Capital Gazette wins special Pulitzer Prize citation for coverage of newsroom shooting that killed five

Fighting violence's hidden effects

A gunshot in the night or flashing police lights are enough to make children aware of their vulnerability

No child should have to witness a neighbor gunned down in the street or the beating of a parent or caregiver. Such experiences not only are disturbing when they occur, they also can leave deep emotional and psychological scars that affect children's mental and physical health for years afterward. Baltimore must offer such children the kind of specialized services and supportive care that will allow them to overcome the effects of such early childhood traumas or it will lose their potential forever.

Baltimore has the fifth-highest homicide rate of major U.S. cities, and killings here have left thousands of families grieving the deaths of loved ones victimized by violent crime. But as the Sun's Andrea K. McDaniels reported last Sunday, the violence afflicting many poor communities in Baltimore also exacts another insidious, often invisible toll on the city's youngest residents. Their exposure to the constant violence around them can inhibit their cognitive and emotional development, make it difficult for them to achieve in school and scar them with psychological wounds that trigger physical ailments.

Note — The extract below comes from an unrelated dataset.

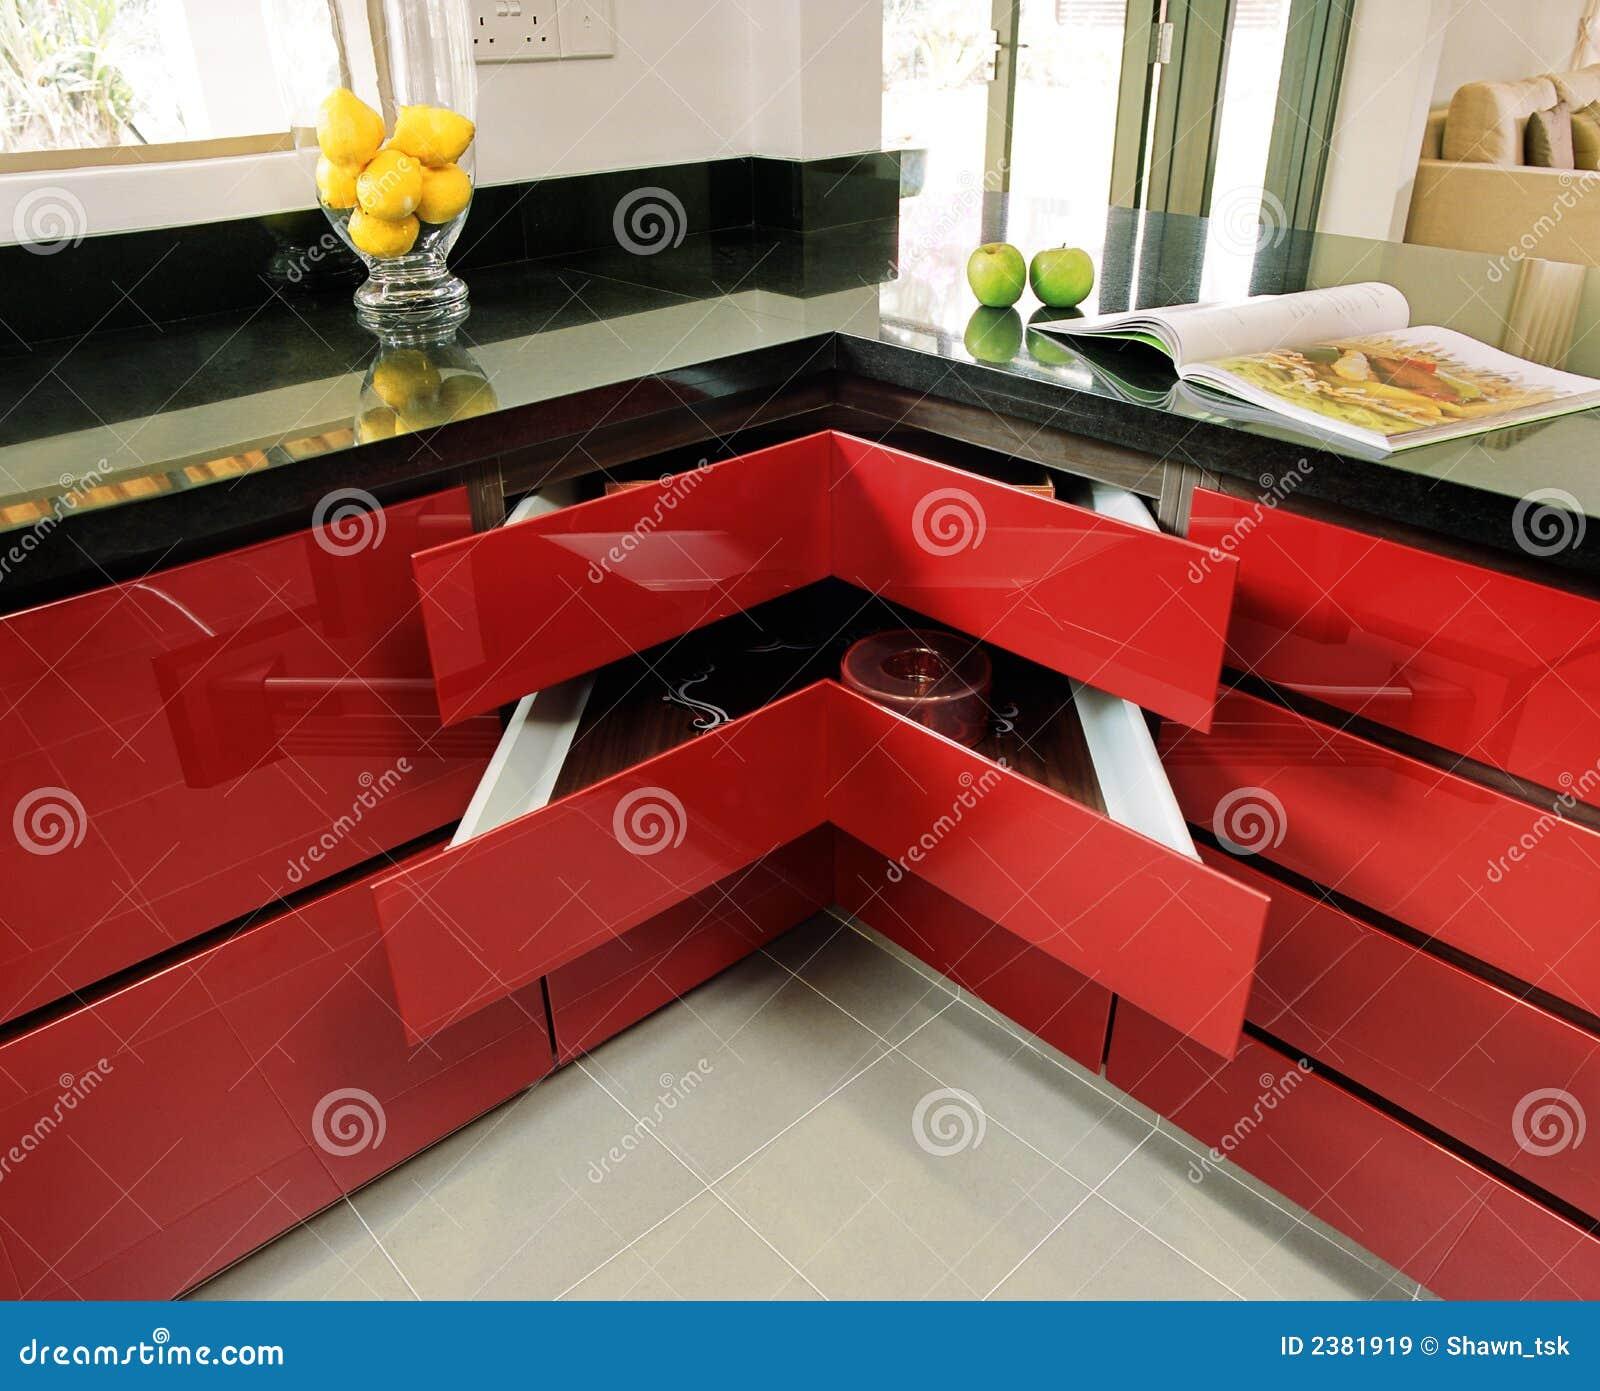 Gabinete de cozinha na pintura de pulverizador vermelha. #BA9B11 1300 1147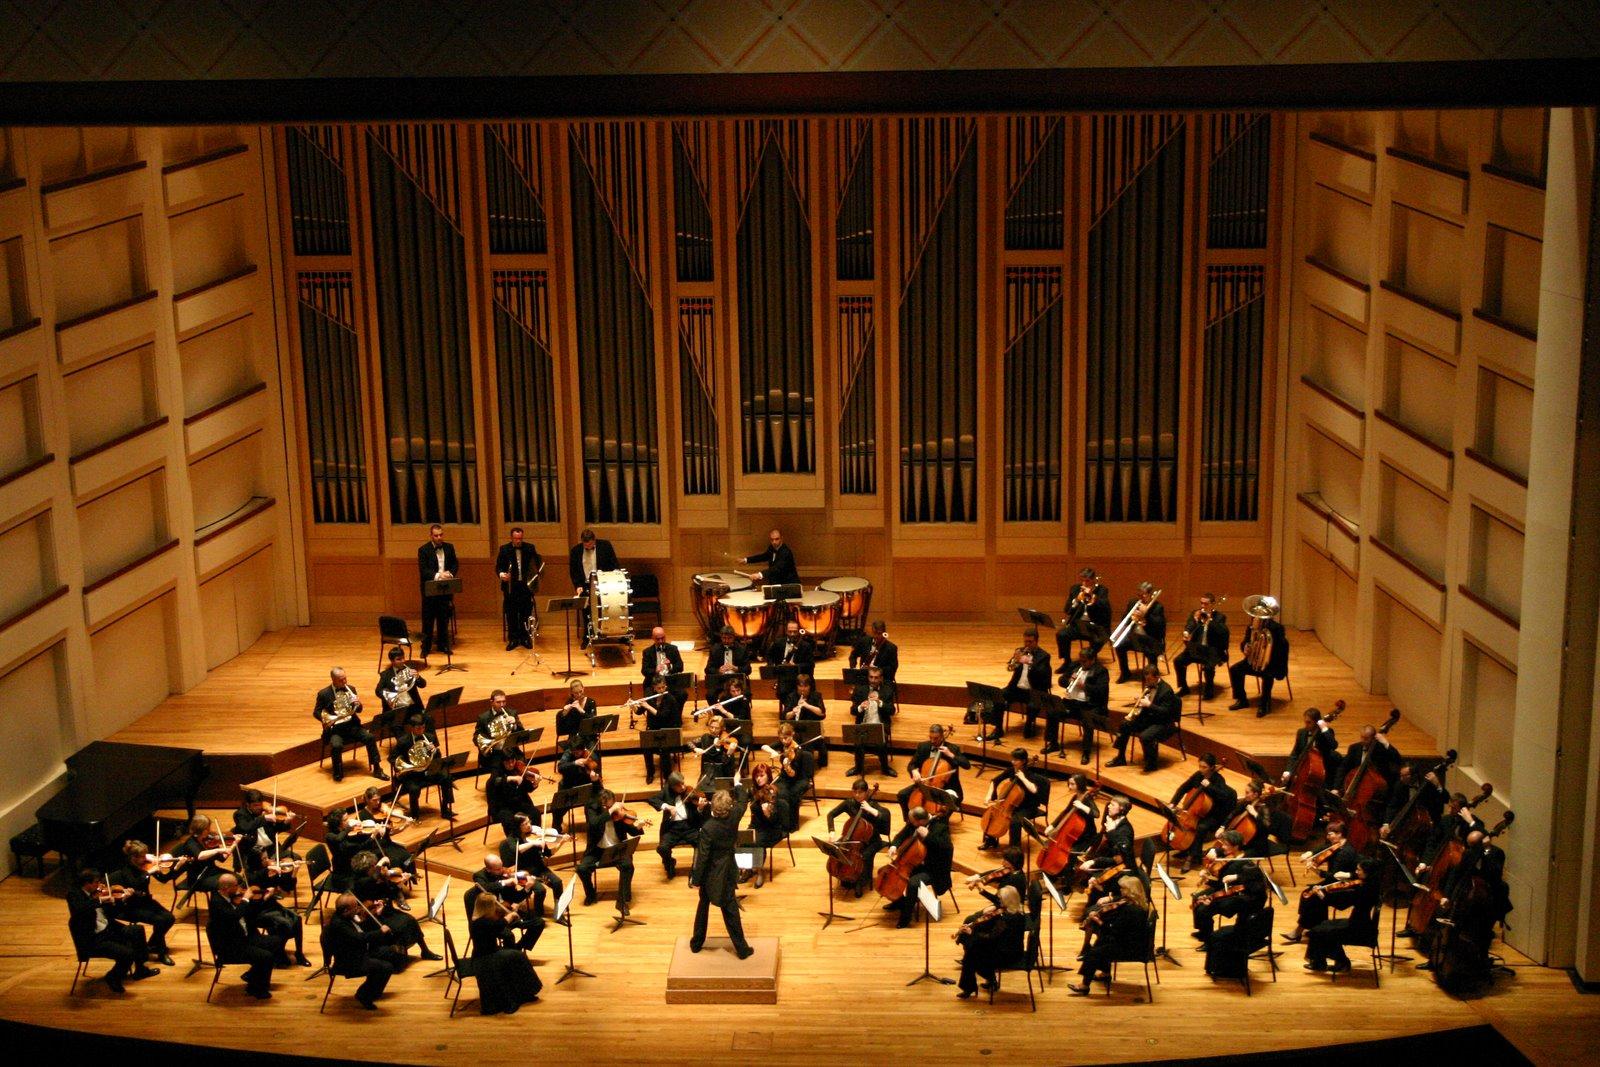 Dublin_Philharmonic_Orchestra_performing_Tchaikovsky's_Symphony_No_4_in_Charlotte,_North_Carolina.jpg

The violence that affects children takes many forms, some of which are easily observed while others are less readily apparent. Children can be brutalized directly through domestic violence or abuse. But they are also vulnerable to exposure to acts of violence committed against others, which can prompt feelings of fear, helplessness and anger. Children who regularly hear gunshots at night or see police cruisers and ambulances racing down their streets with lights flashing quickly make the mental leap from what is happening to someone else to what could easily happen to them.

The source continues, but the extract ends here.